In response to the request of US Securities and Exchange Commission Chairman Mary Shapiro for comments from interested parties, John Piccitto Consulting Limited submitted the following observations on proposed changes to the US Short Selling rules and regulations.
May 7th, 2009
The Honourable Mary Shapiro, Chairman
U.S. Securities and Exchange Commission
100 F Street NE
Washington, D.C. 20549
United States of America
Dear Chairman Shapiro,
Thank you for the opportunity to comment on the proposed changes to the SEC rules on short selling. I am a US citizen who has been active in the financial services industry for nearly forty years. Currently I am a management consultant based in London, advising international institutions in the field of securities lending.
I wish to comment on two changes to the present SEC rules affecting short selling.
1) I support reinstating the original short sale Uptick Rule, the original SEC Rule 10a-1(a)(1). This would probably also involve removal of Rule 201 Regulation SHO that replaced the original Uptick Rule in 2007/2008.
2) I support instituting a limit-down rule. This would entail a total ban on all short selling of any stock during the trading session that falls a certain percentage (e.g. 10%, 12½%, 15%, etc.) of the previous day’s closing price on an exchange. This would follow the practice of the commodity trading limits that halt trading if a commodity falls by the particular percentage limit imposed on a specific commodity on an exchange under the rules and regulations of that exchange. However, this ban would not mean a total halt on all trading in that particular stock. Only the short selling of the stock would be halted. Stocks can continue to trade and likewise fall further during the trading session, but their fall would no longer be accompanied by short sales after the designated percentage was reached. Other means, (options, contract for differences, for example) could still be used to achieve the same effect as short selling, but the “flow” of short selling would be interrupted.
After a designated period of time and only after an order-book rebalance has been confirmed, the limit halt could be removed by the exchange and short sales resumed, although still subject to the percentage stop level.
Rationale: Two separate processes operate when short selling becomes an issue. First, there is the mechanical function of a short sale. It has become clear in the last several months that short selling does not “cause” a stock to fall. A stock falls because traders and fund managers perceive that a company is worth less than the current value of its stock would suggest. So they sell the stock. (If they do not hold the shares, they borrow the stock to complete their delivery.) Short selling may (or may not) accompany this process, but it does not CAUSE the stock to fall.

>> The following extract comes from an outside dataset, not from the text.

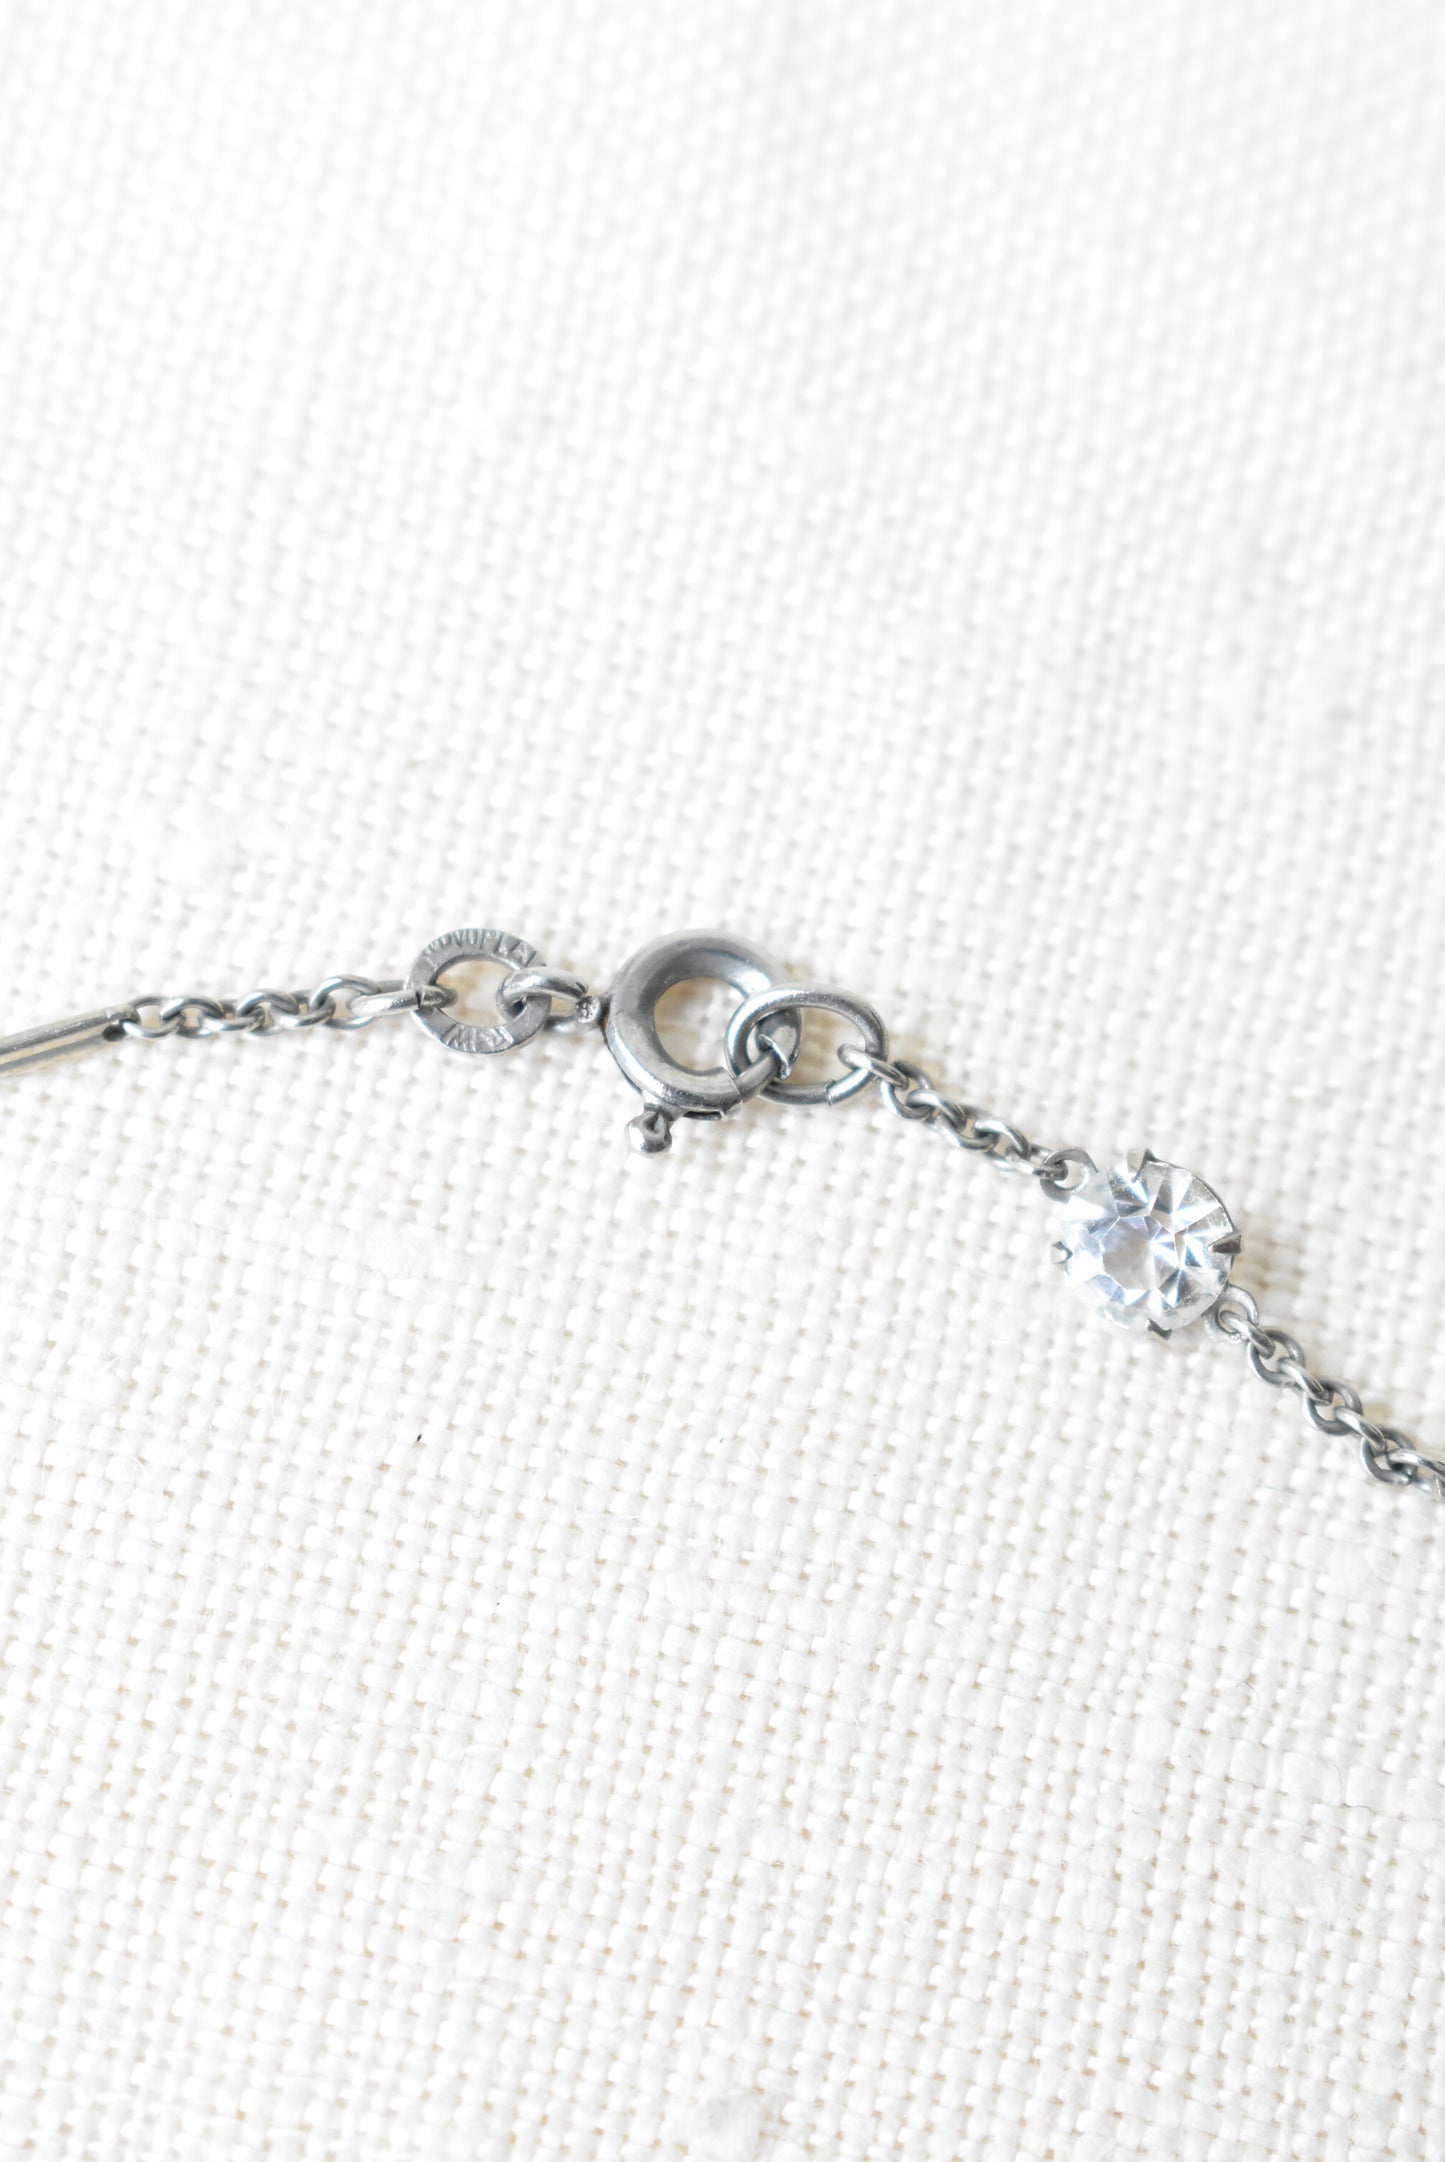 Vintage necklace silvery chain with cut glass insets

The recent failure of world-wide short selling bans (in Germany, the United Kingdom, Australia, Italy, etc.) to prevent precipitous drops in the value of stocks that were shorted previous to the ban surely has put paid to that mistaken view.
However, when a stock drops in value on the market, and short sellers enter into the market shorting the stock, the short sales accompany the decline of the value of the stock. This decline may appear to investors, observers, and journalists to be exacerbated by the rumours, news reports, and indeed short selling data, which also accompany that decline. Because the decline of the value of a stock can be very steep and very fast indeed, the ensuing “feeding frenzy” can seem alarming, and therefore destabilising, and thus should be addressed by regulators. Slowing the cascade of short selling would create both the fact and the appearance of regulatory control without serious impediment to the prerogative of investors to sell short if and when they find that particular strategy appropriate.
Of course, no one complains when a similar “feeding frenzy” accompanies an increase in the value of a stock. Only short sellers lose when the price of a stock goes up, and their theoretical losses last only until a subsequent appropriate decline takes place in the stock’s price. It is the precipitous price decline that frightens investors and destabilises the market, not a price increase. That is why dealing with price decline and concomitant short selling has become a pressing regulatory issue.
Maintaining a stable, smoothly functioning market through the means I have suggested will go some way to restoring investor confidence by eliminating wide swings and precipitous declines in the market. And the regulatory changes that are made by the SEC will accompany their goals without grave peril to the function of price discovery of which short selling forms an important part.